» TASK INSTRUCTIONS: The answer should hold only the lines from the beginning of the material through the one with "لاک ناخن یخی", reproduced exactly and without pictures.

» SUPPLIED DATA:
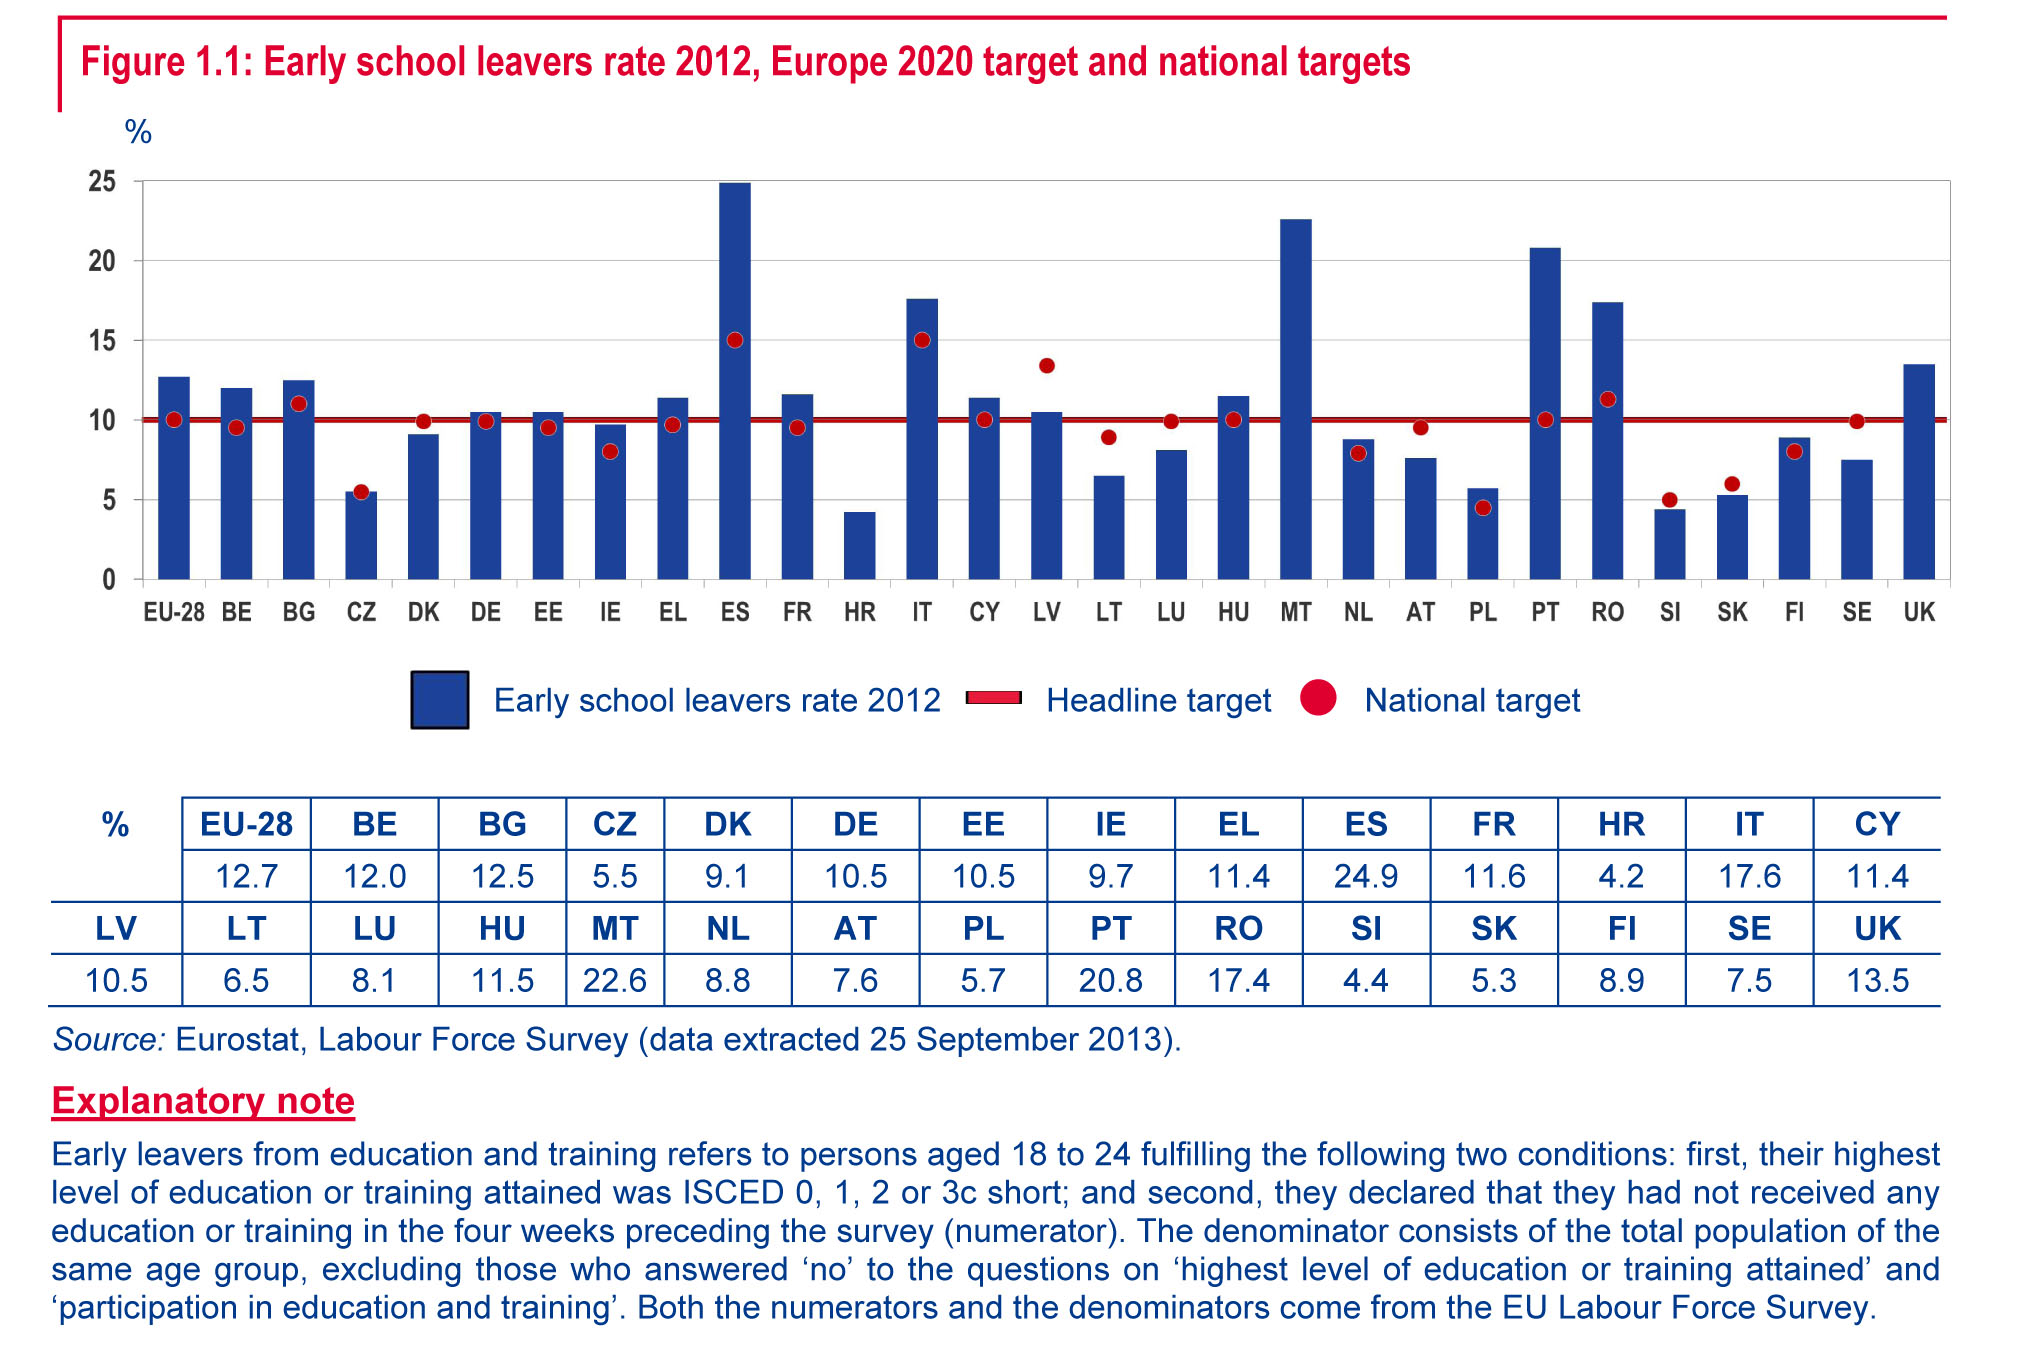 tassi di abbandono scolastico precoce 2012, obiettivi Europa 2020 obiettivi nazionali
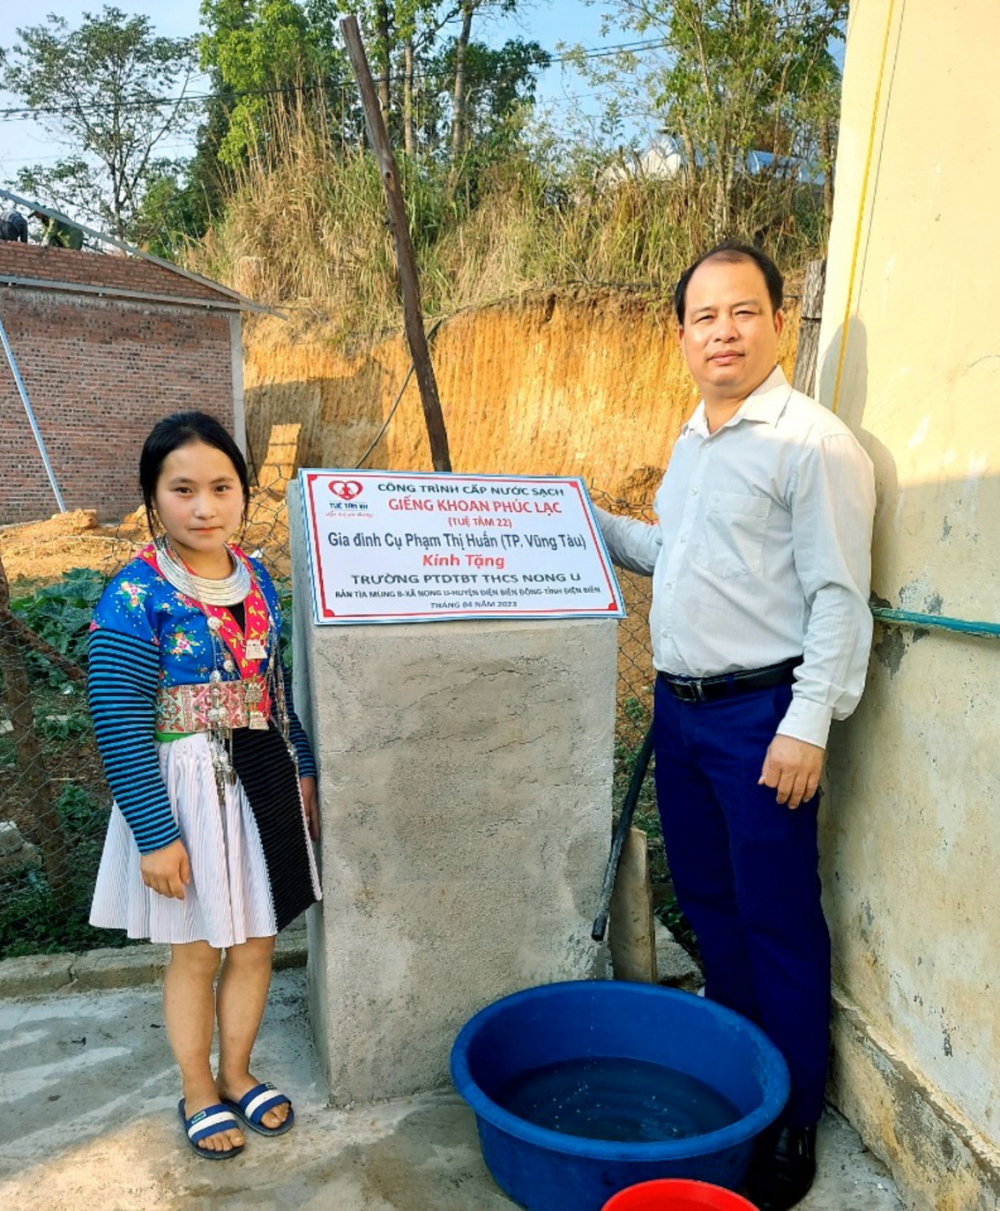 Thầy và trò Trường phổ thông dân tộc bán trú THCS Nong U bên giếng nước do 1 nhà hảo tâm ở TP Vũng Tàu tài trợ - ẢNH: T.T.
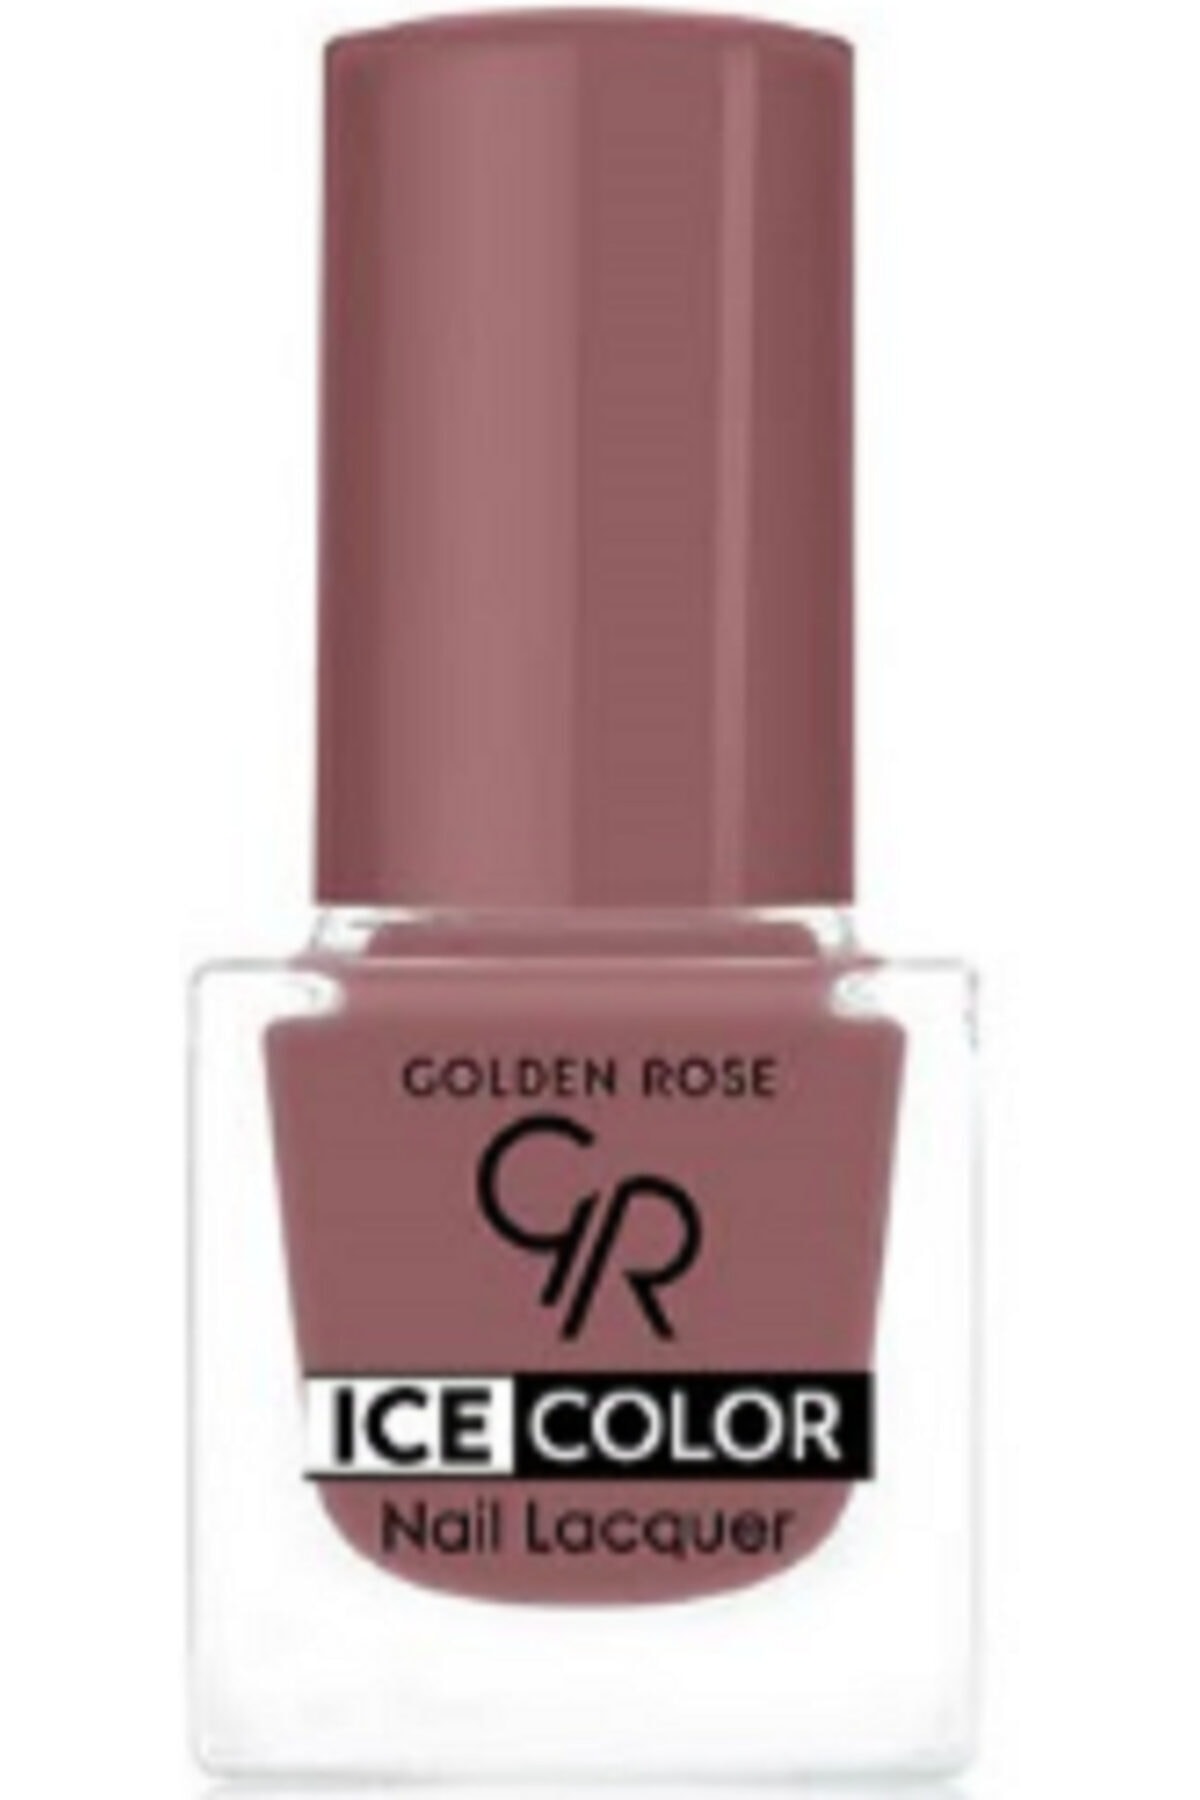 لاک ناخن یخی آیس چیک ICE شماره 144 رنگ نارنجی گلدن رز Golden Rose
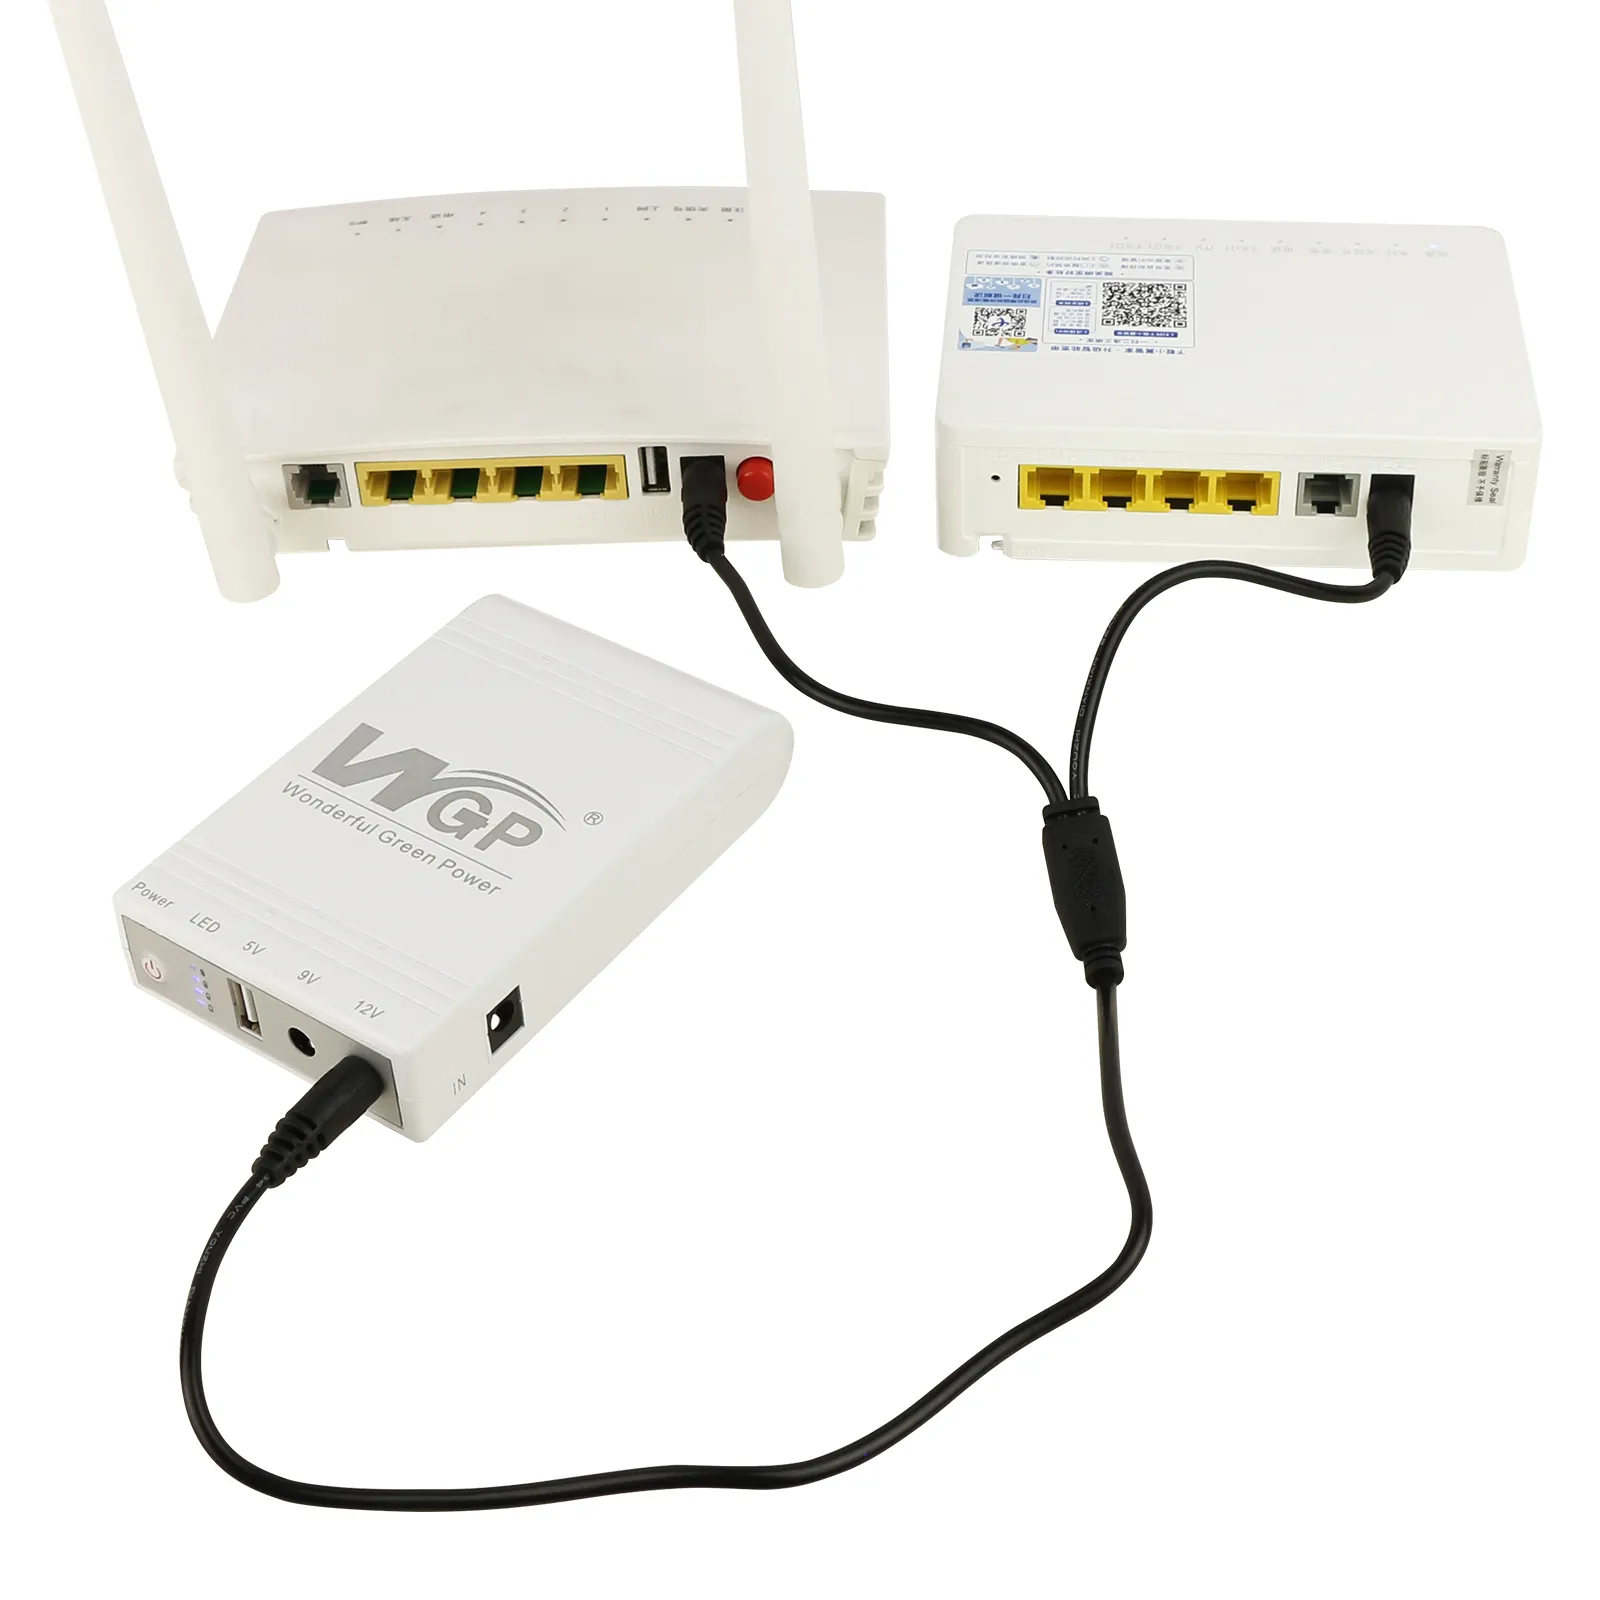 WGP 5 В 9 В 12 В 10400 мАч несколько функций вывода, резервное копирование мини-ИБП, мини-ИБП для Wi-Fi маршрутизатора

» RESPONSE AREA:
 tassi di abbandono scolastico precoce 2012, obiettivi Europa 2020 obiettivi nazionali
 Thầy và trò Trường phổ thông dân tộc bán trú THCS Nong U bên giếng nước do 1 nhà hảo tâm ở TP Vũng Tàu tài trợ - ẢNH: T.T.
 لاک ناخن یخی آیس چیک ICE شماره 144 رنگ نارنجی گلدن رز Golden Rose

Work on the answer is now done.